AVAILABLE DATA:

========

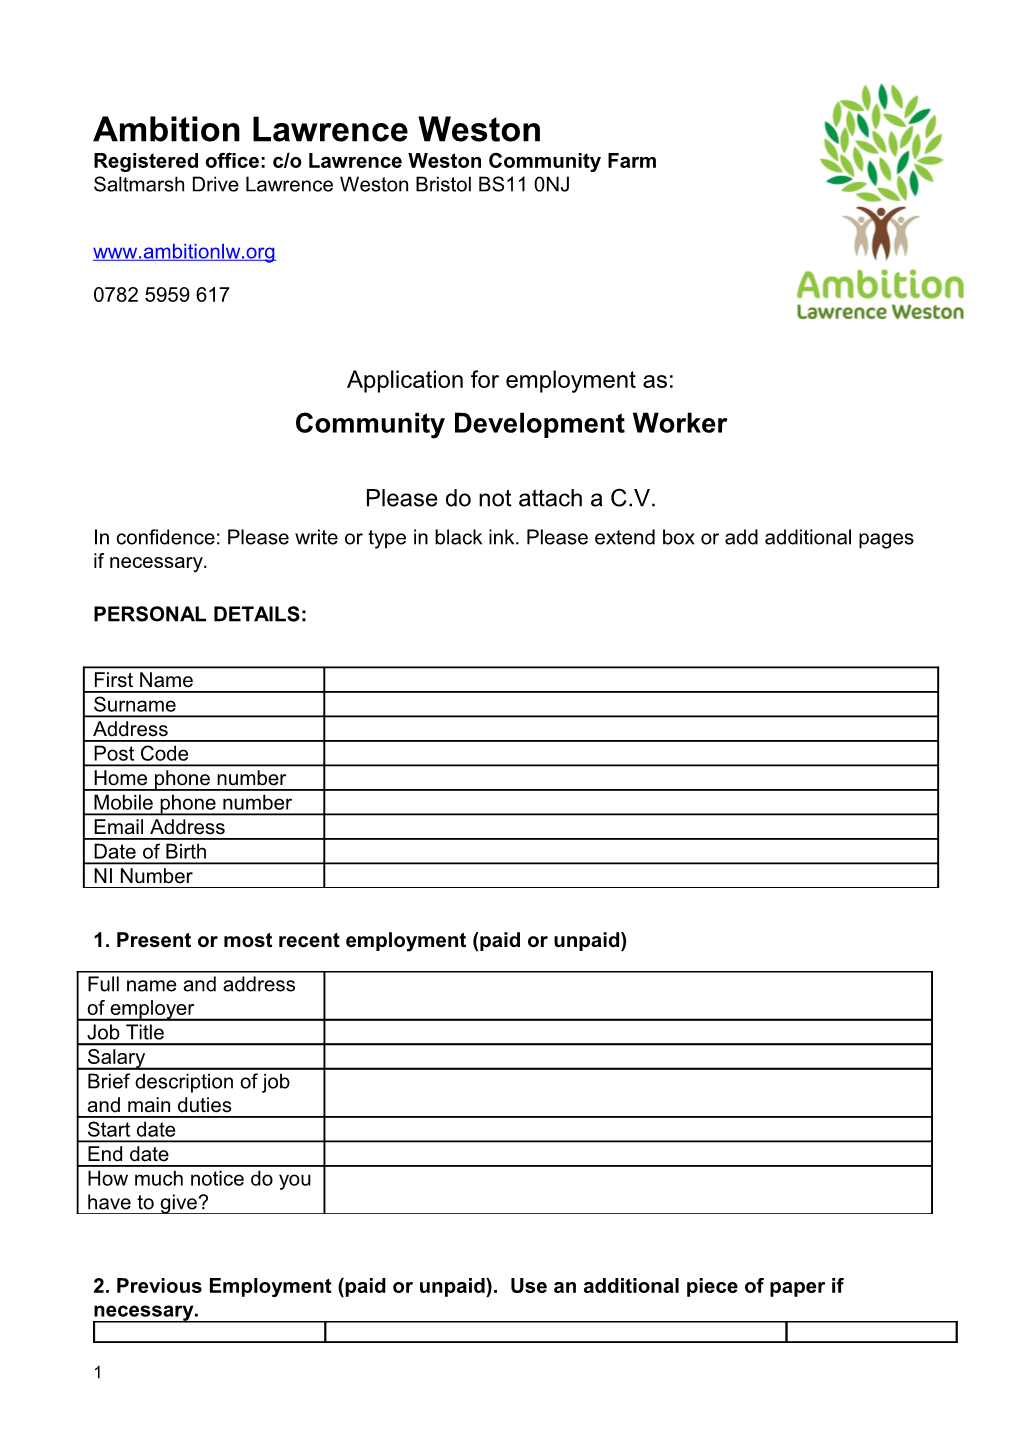 Application Form Blank Ambition Lawrence Weston
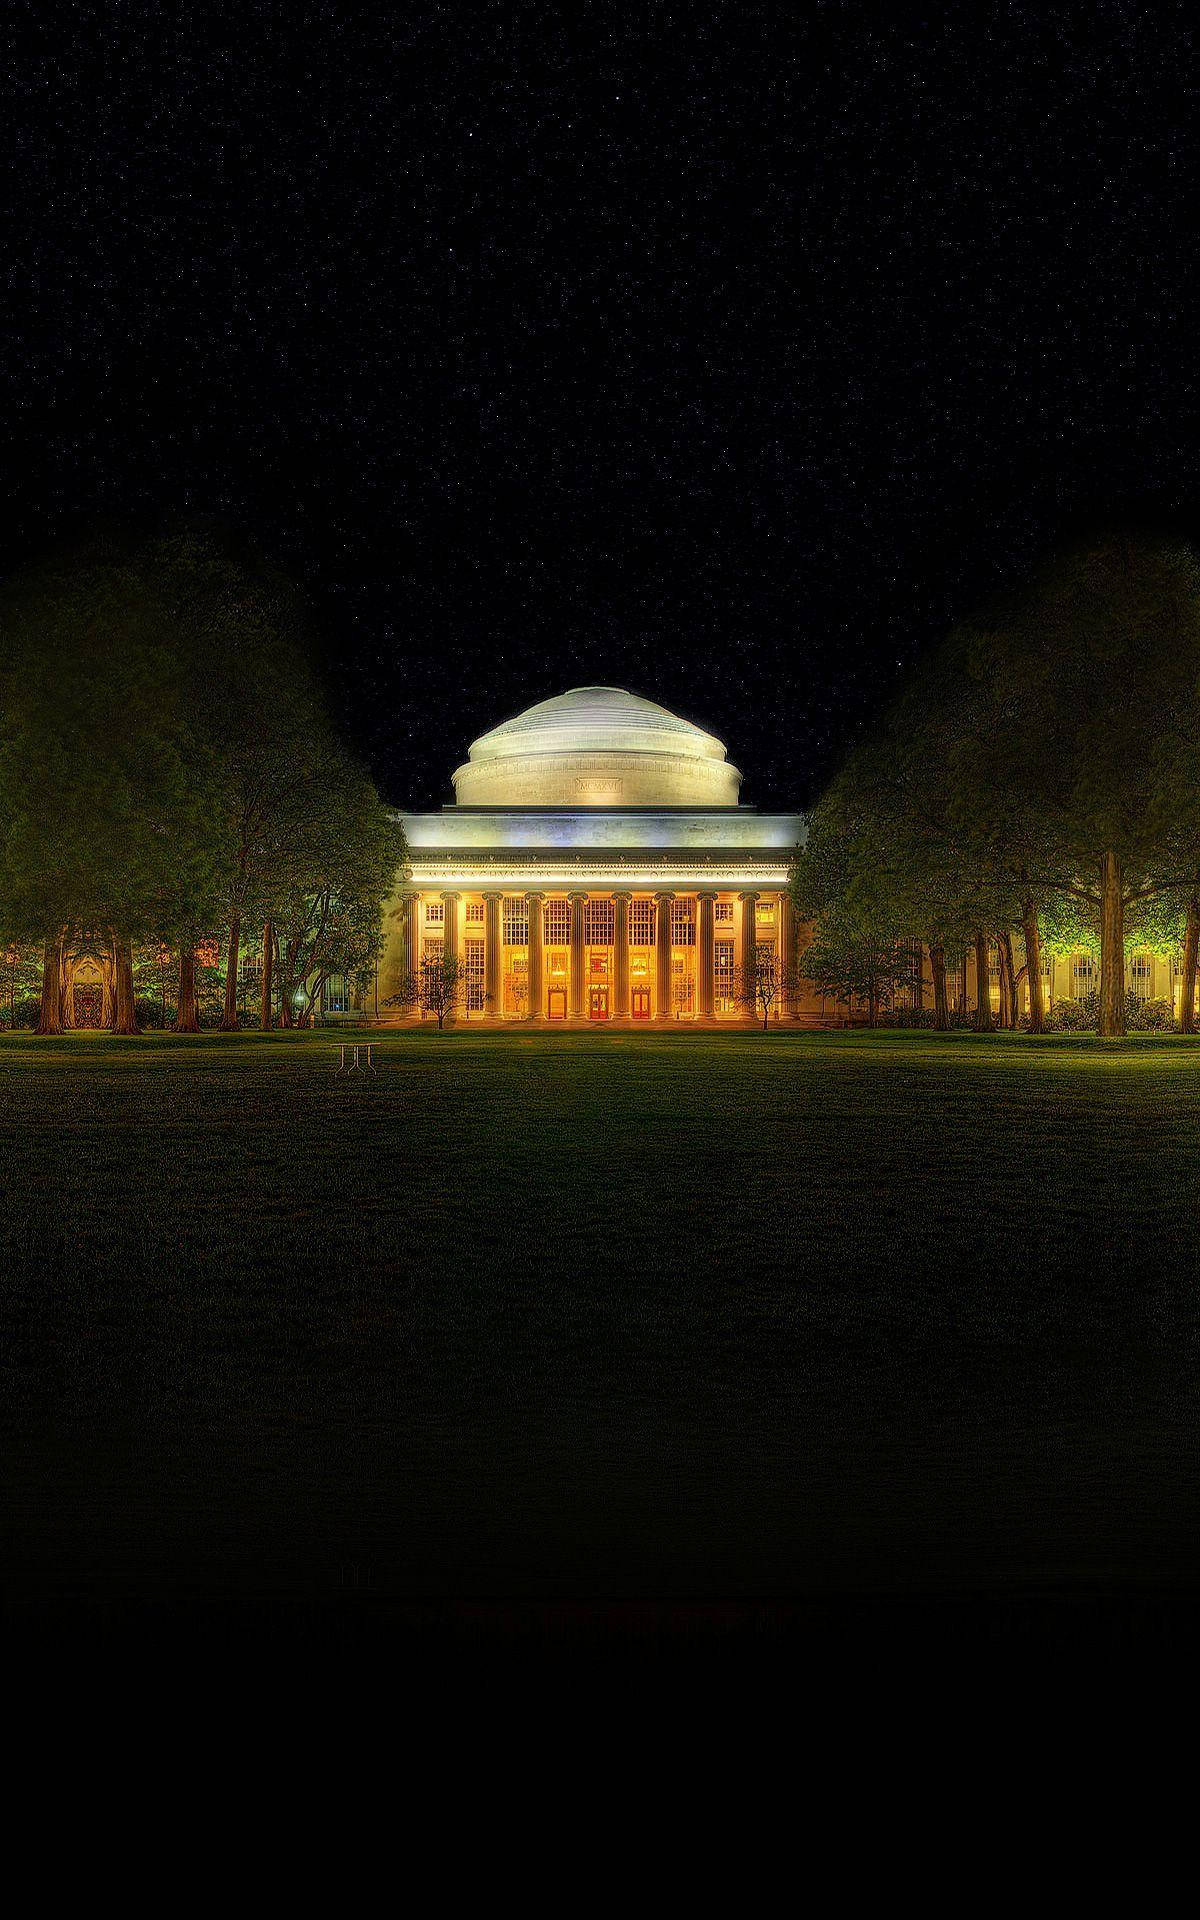 Mit Great Dome With Lights At Night Wallpaper
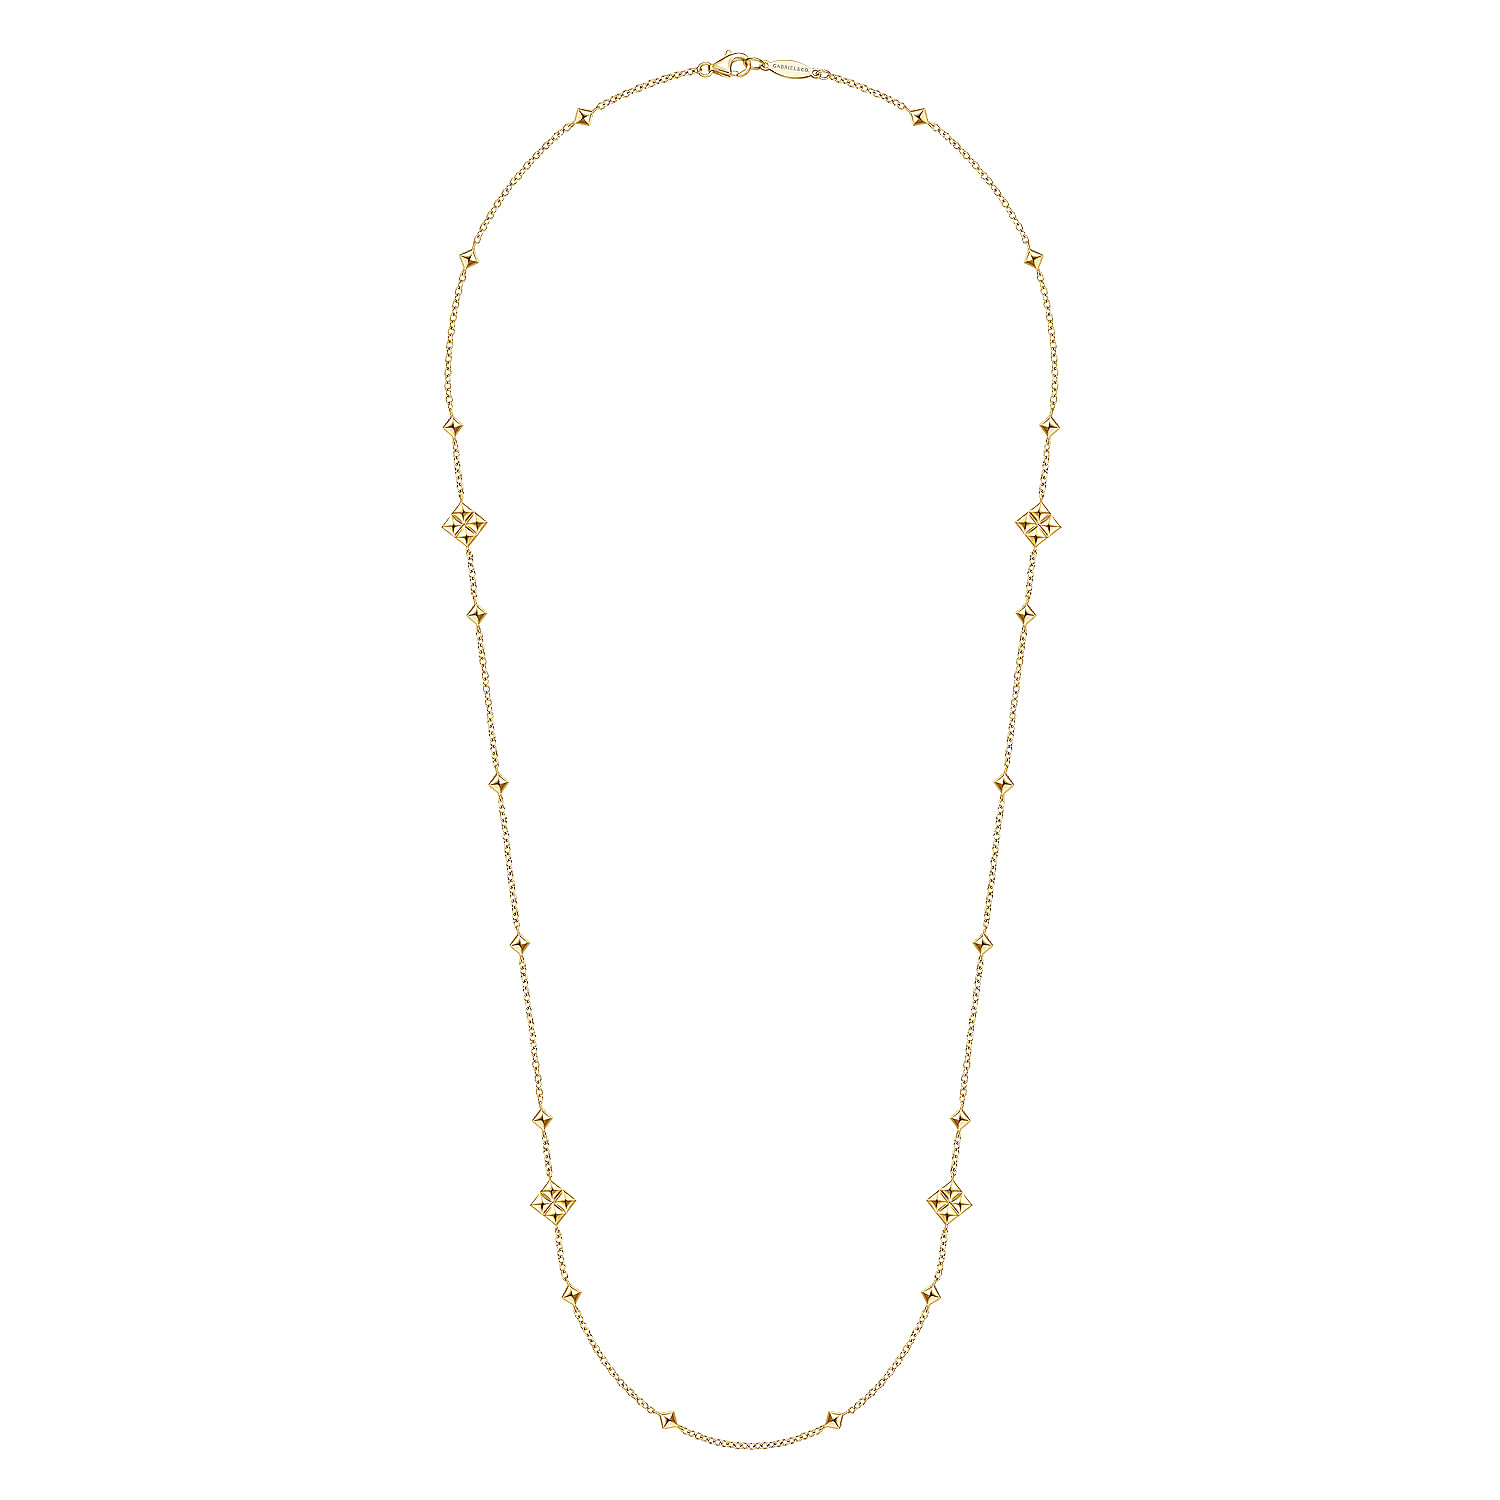 24 inch 14K Yellow Gold Pyramid Quatrefoil Station Necklace

========

INSTRUCTIONS FOR THE TASK: The reply must hold every line above exactly as written and none of the pictures.

RESPONSE BOX:
 Application Form Blank Ambition Lawrence Weston
 Mit Great Dome With Lights At Night Wallpaper
 24 inch 14K Yellow Gold Pyramid Quatrefoil Station Necklace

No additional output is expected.